Councilmembers Lisa Herbold and Andrew Lewis worked with the labor-backed advocacy organization Working Washington to advance the law. Like supermarket checkers and postal carriers, food delivery drivers are providing an essential service during the pandemic and are risking exposure to the virus while making as little as $3 per trip, Herbold and Lewis said.

The council members said their law would provide drivers with hazard pay while compensating them for costs related to personal protective equipment and vehicle cleaning. Delivery app drivers are independent contractors not covered by labor protections that apply to regular employees.
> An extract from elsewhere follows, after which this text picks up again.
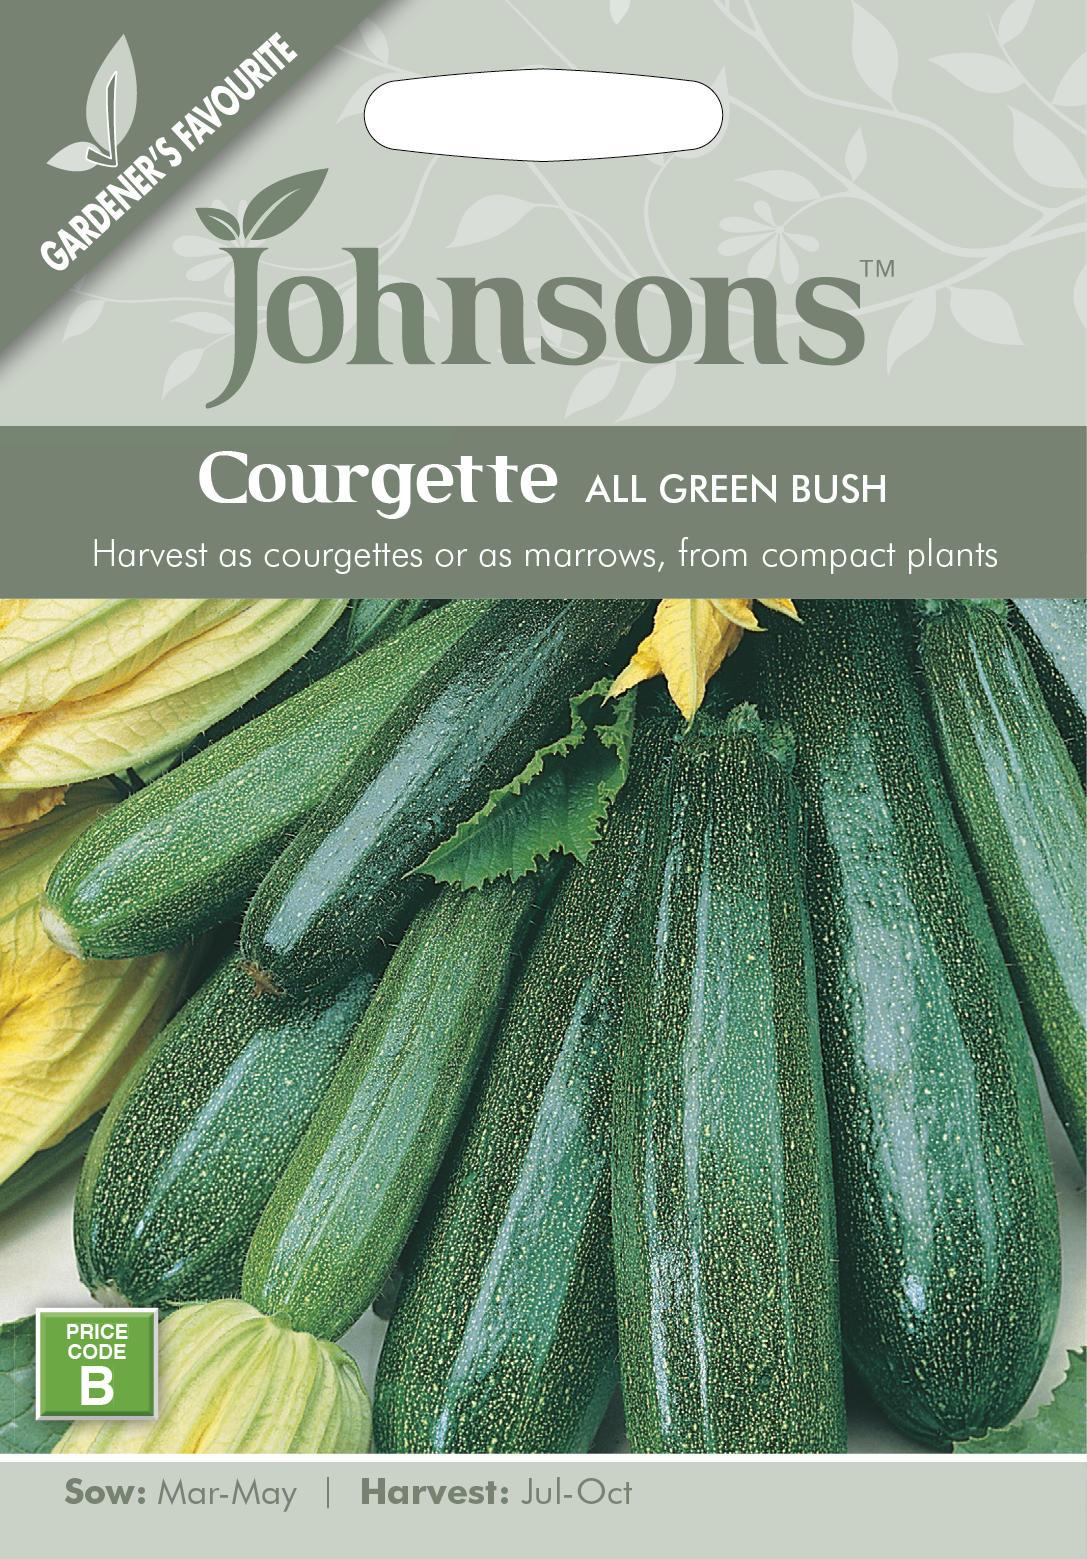 美しいダーク グリーンの柔らかいズッキーニ 輸入種子 Johnsons Seeds Courgette All Green スカッシュ クルジェット 日本限定 Bush ジョンソンズシード グリーン ブッシュ 上質 オール

Before the pandemic began, Working Washington was lobbying City Hall to mandate minimum pay for food delivery app drivers, and Durkan was working on legislation to mandate minimum pay for Uber and Lyft drivers.

The lawsuit filed June 26 by Instacart and the Washington Food Industry Association says Seattle’s premium-pay requirement violates an initiative approved by Washington voters in 2018. Initiative 1634 prohibits local governments from imposing taxes or charges on groceries, including the transfer and transportation of groceries. The initiative was championed by industry players in response to Seattle passing a tax on soda pop in 2017.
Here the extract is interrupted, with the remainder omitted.